Opposing Turnbull's Citizenship Changes

Full transcript below:

Mr PERRETT (Moreton—Opposition Whip) (12:17): I rise to speak on the Australian Citizenship Legislation Amendment (Strengthening the Requirements for Australian Citizenship and Other Measures) Bill 2017. I would like to start by acknowledging the fine words of the member for Calwell, Maria Vamvakinou, who has a much greater understanding of citizenship than I will ever have. I thank her for her great words.

There are many ways to become an Australian. Some of us were born here, and we can thank our parents and grandparents for that. Some Indigenous Australians have around 3,250 generations before them, as proud members of the oldest civilisation on earth. Some of us were born elsewhere to parents who were Australian. Some came to Australia later as children or adults choosing to make Australia home. Being born here doesn't necessarily make you a better Australian than someone who has chosen to make their home here. In fact, the opposite is often true. Those Australians who have made a conscious decision to make Australia their home and pledge allegiance to this nation often value their citizenship more than someone who has received it at birth.

Citizenship is important. It has important implications for those who hold it and also, sadly, for those who do not. The preamble to the Australian Citizenship Act 2007 says:

… Australian citizenship represents full and formal membership of the community of the Commonwealth of Australia, and Australian citizenship is a common bond, involving reciprocal rights and obligations, uniting all Australians, while respecting their diversity.

As an Australian citizen, you do not require a visa to live in Australia. You have the right and, in fact, the obligation to vote in elections—not in postal surveys, but in elections. You can access government support programs that aren't available to non-citizens. As Australian citizens, we take for granted these rights and responsibilities. But for those who do not have citizenship, they can be priceless and cruelly out of reach.

Like you, Mr Deputy Speaker, I attend many citizenship ceremonies. In Moreton, they are held regularly. I am always overwhelmed by the excitement and pride displayed by our brand new citizens, these proud new Aussies. In fact, I would say it is the best part of this job to be involved in these citizenship ceremonies. These ceremonies are a chance to celebrate the importance of Australian citizenship, to welcome new Aussies and, for the rest of us and those attending, to reflect on what it actually means to be Australian.
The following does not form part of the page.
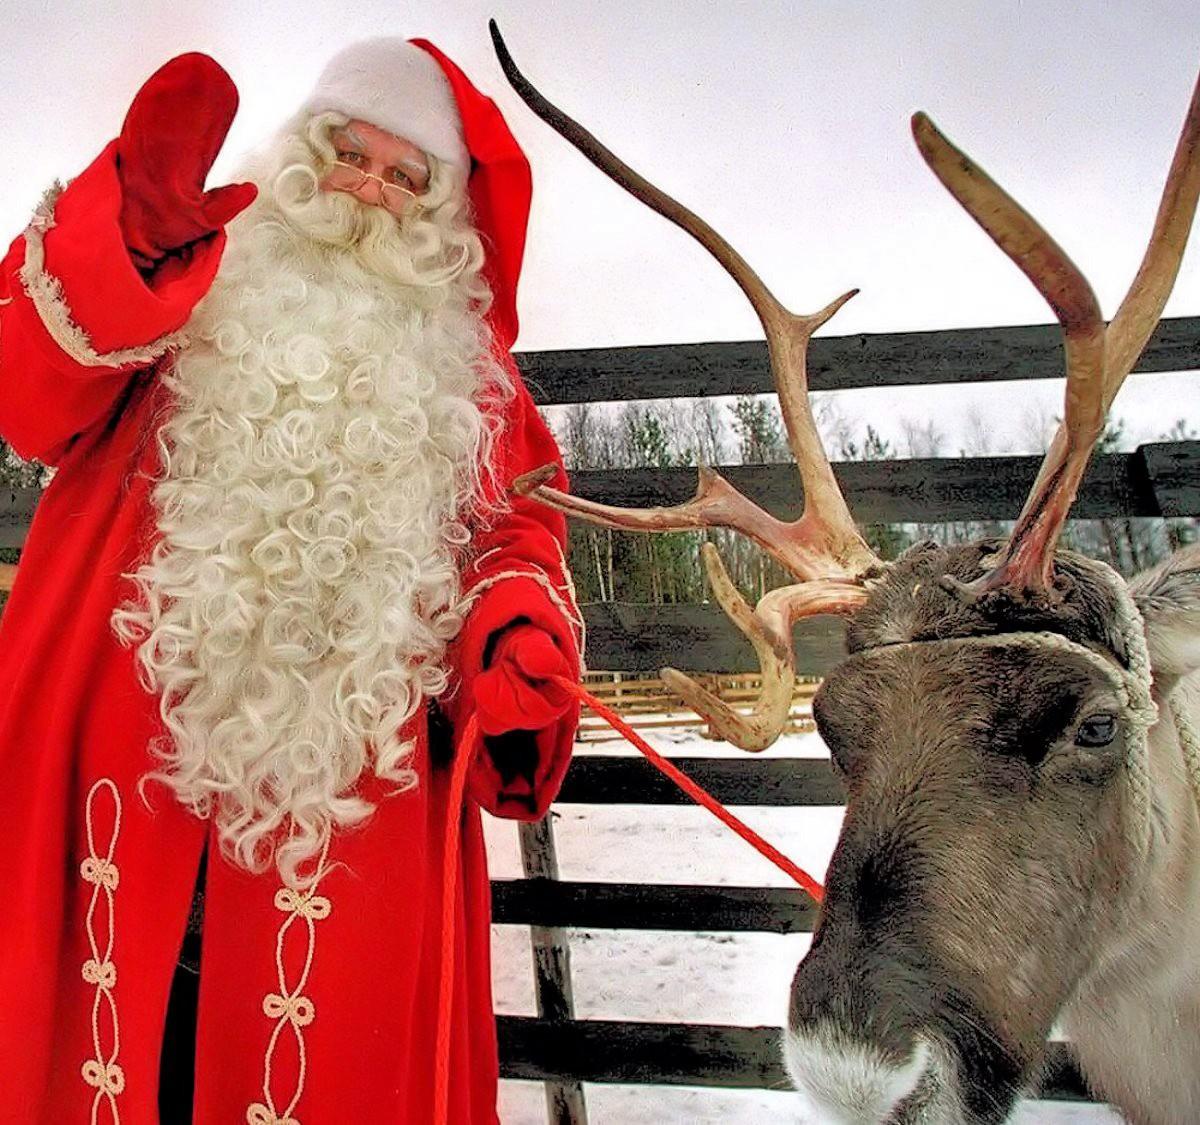 00e christmas. Julenisse. Lapland. santa claus. 25.12.12
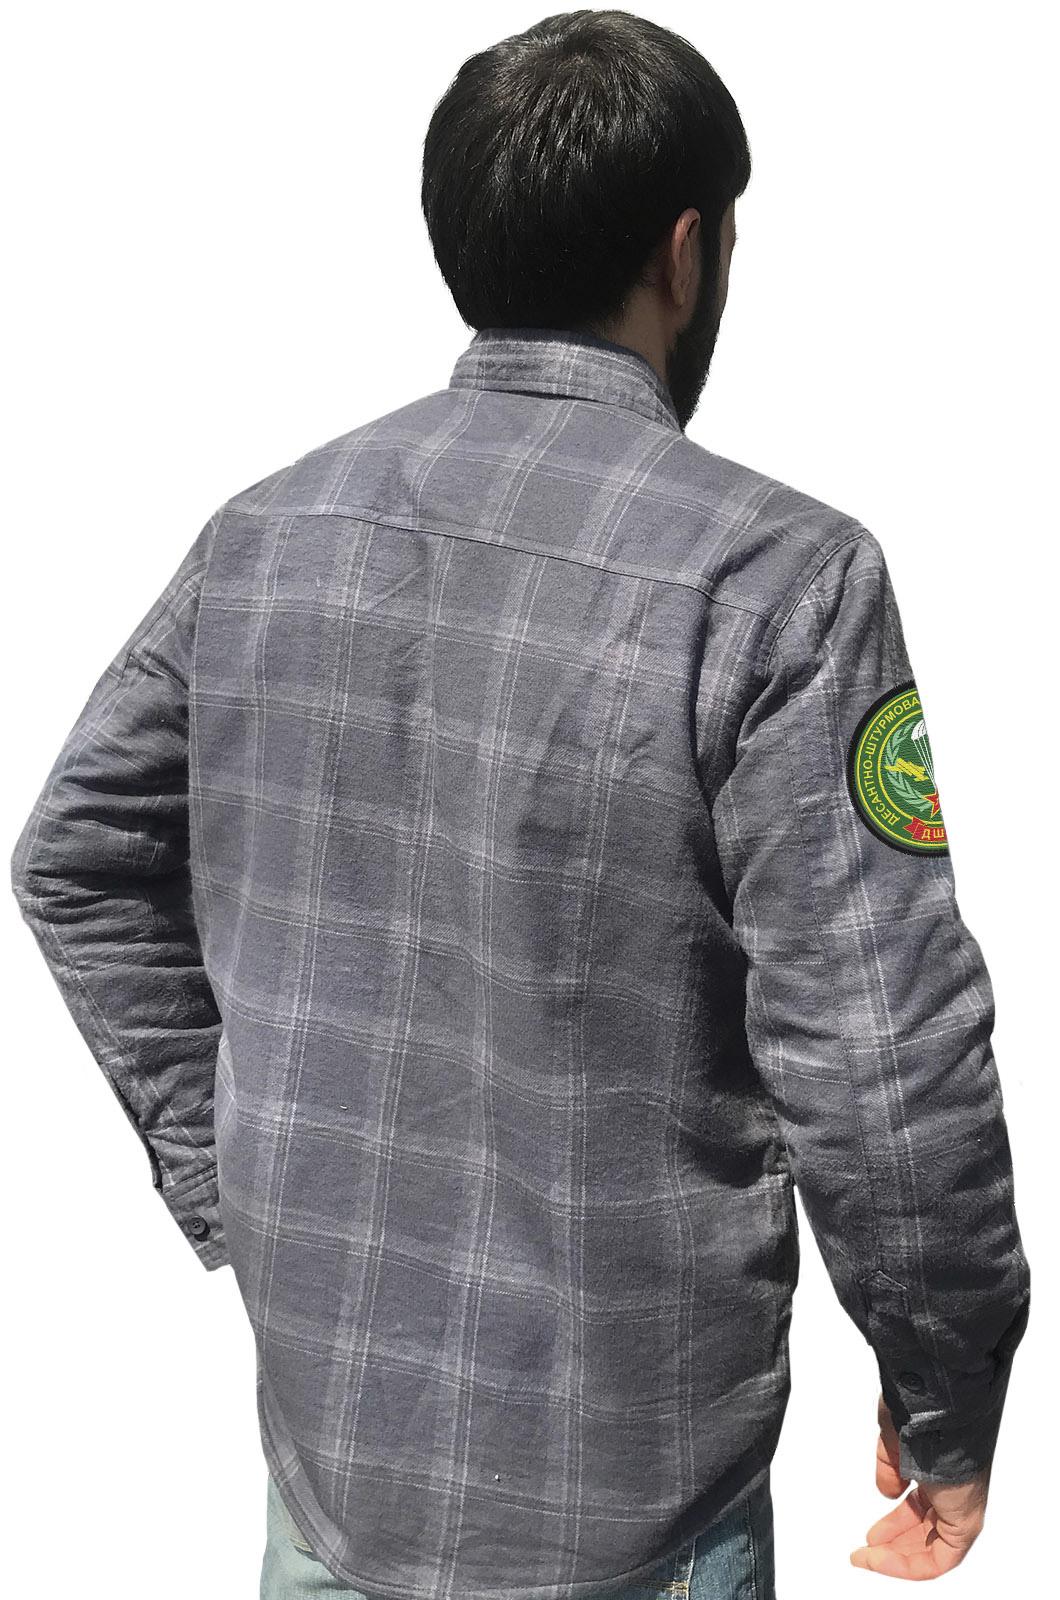 Мужская рубашка с шевроном ДШМГ заказать в подарок

I have had many, many occasions to reflect on what being Australian means to me. These things I hold dear: respect for the rule of law; respect for parliamentary democracy, and a parliament that does its job; and Australian values such as mateship, a fair go for all and offering a helping hand. Having a unique Australian identity which transcends skin colour and religion makes us the most successful multicultural nation in the world. But this piece of legislation, brought in by the Turnbull government, makes sweeping changes to the eligibility requirements for people seeking Australian citizenship. More than that, this bill proposes changes to the definition of what it is to be Australian and what sort of country we will become.

The changes of most concern to me are the new English language test—and I say that as someone who taught English for 11 years and has an honours degree in literature—and the increase in the period of time that permanent residents must live in Australia before they can become citizens. The announcement by Prime Minister Turnbull of these proposed changes has caused immense stress to many residents of Moreton. Moreton is a vibrant, culturally diverse community—and 46 per cent of those who live in Moreton were not born in Australia. Compare that to the whole percentage of those born overseas, which is 28 per cent. Moreton has a large Chinese community, Taiwanese, Indians, former Yugoslavs, Pacific islanders, Somalians, Eritreans, Ethiopians, Sudanese, Rwandans, Filipinos, South Africans, Indigenous Australians, New Zealanders, Fijians, Koreans and Vietnamese, to name a few. The whole Moreton community is much richer, much more vibrant and much more creative and economically strong due to the contribution of these ethnic communities.

My fellow Moretonites are worried that they or their relatives will not be welcome to become Australian citizens—that they will become people who live among us but won't be of us. The two changes that particularly disturb me are the addition of the university-level English language test and the additional time before an application for citizenship can be made. Before becoming eligible to be an Australian citizen you currently need to pass a citizenship test. And guess what? No surprise, but the test is written in English. So to pass the test you first need to be able to understand the English language well enough to read the test. This pernicious bill proposes to add a separate English language test which will assess the standard of English of persons applying for citizenship. Obviously you won't have to take this test if you are from New Zealand, Canada, the United States, England or Ireland.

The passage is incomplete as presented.